Sloane’s game plan involves catching icebergs that have drifted across the South Atlantic Ocean towards South Africa. The team could then wrap passing icebergs in a “geo-textile fabric skirt” and tow them towards the city using large tanker ships via the Benguela Current. Once it’s arrived in the port city, the icebergs would be chopped up into a slurry and melted into millions of liters of drinking water.

Cape Town's largest reservoir, Theewaterskloof, in March 2018. Zaian/Wikimedia Commons CC BY-SA 4.0

“We want to show that if there is no other source to solve the water crisis, we have another idea no one else has thought of yet,” Sloane, the CEO of a US marine salvage firm, told Reuters.

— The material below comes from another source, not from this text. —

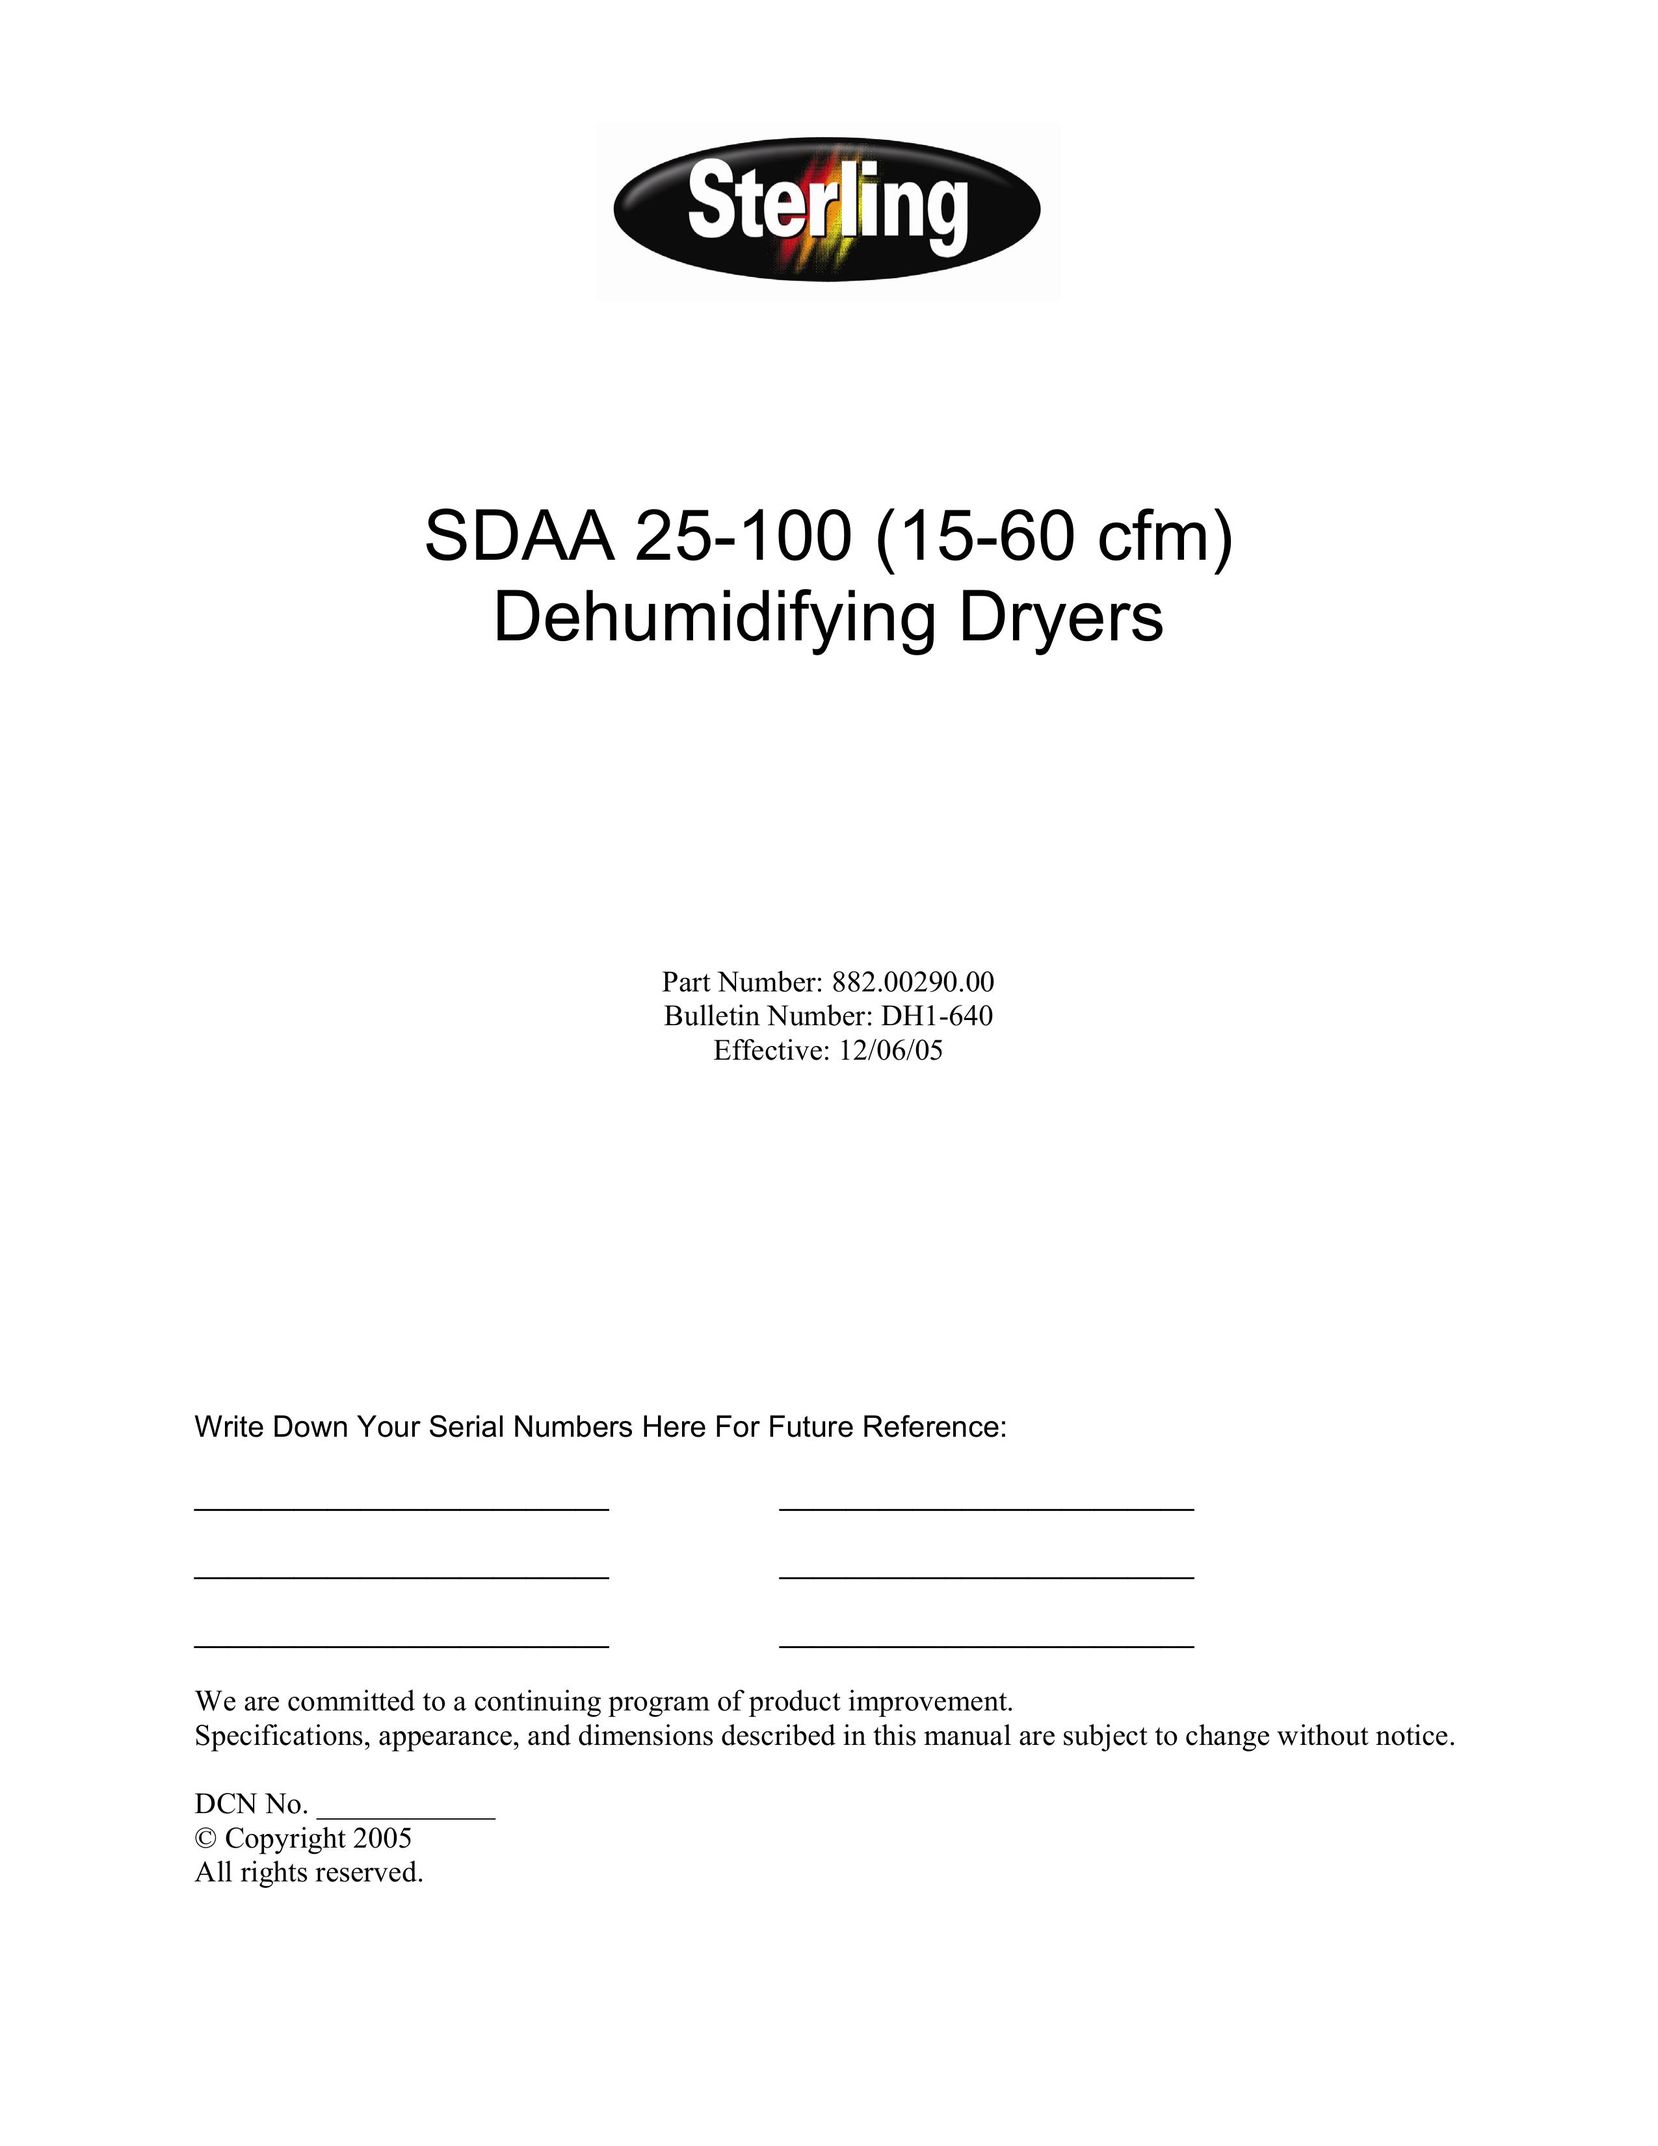 Sterling SDAA 25-100 Dehumidifier User Manual

It sounds pretty ambitious, but if there’s one guy for the job, it’s Sloane and his company. He was one of the main marine salvage experts tasked with recovering the capsized Italian passenger liner Costa Concordia back in 2012 to 2014.

"We spoke to local government late last year; they thought it was a crazy idea," Sloane said, speaking to CNN. However, he added that it’s considerably more credible than other proposals, such as bringing water down from the heavily polluted Congo River in Central Africa.

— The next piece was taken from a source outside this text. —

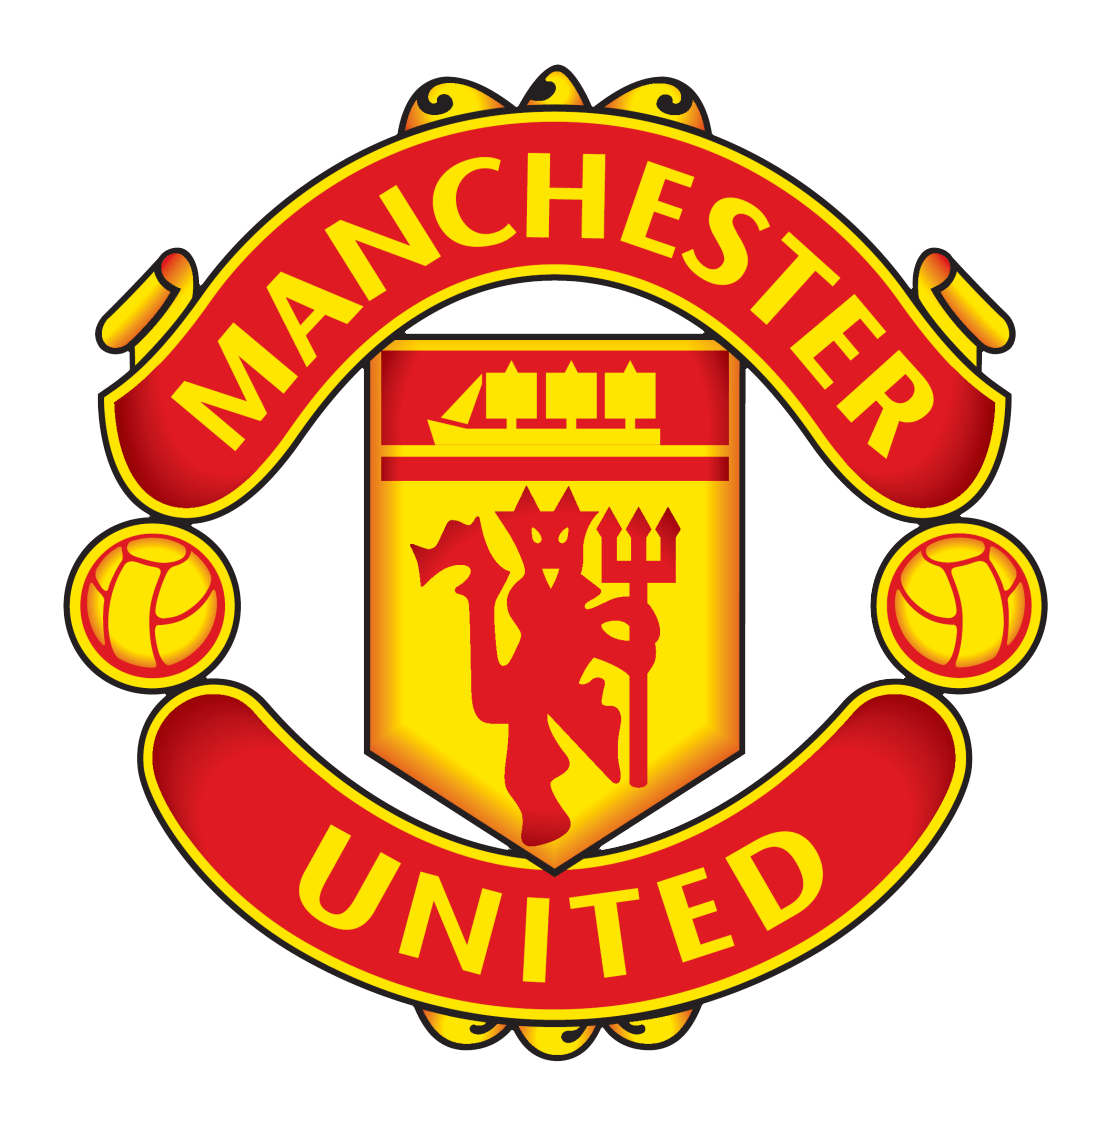 Manchester United Wallpaper 3D 2015

Declining water storage levels over the course of the Cape Town water crisis. Data obtained from the Climate Systems Analysis Group. Discott CC BY-SA 4.0.

Cape Town’s water crisis has been lingering for a number of years, with 2015 to 2017 providing some of the driest years on record. Previously, the city thought they would run out of water as early as April 2018. That day has fortunately been pushed back to an unspecified date in 2019. When that day comes, the authorities will be forced to turn off all water taps.

Still, it remains a burning problem, with few viable solutions in sight. The current protocol is for citizens to cut down on water consumption to less than 50 liters (13 gallons) a day by not flushing toilets as often and reusing water whenever possible. As for a long-term solution, there’s plenty of proposals, but not much in the way of action.

Meanwhile, the city’s reservoirs eagerly wait for rain.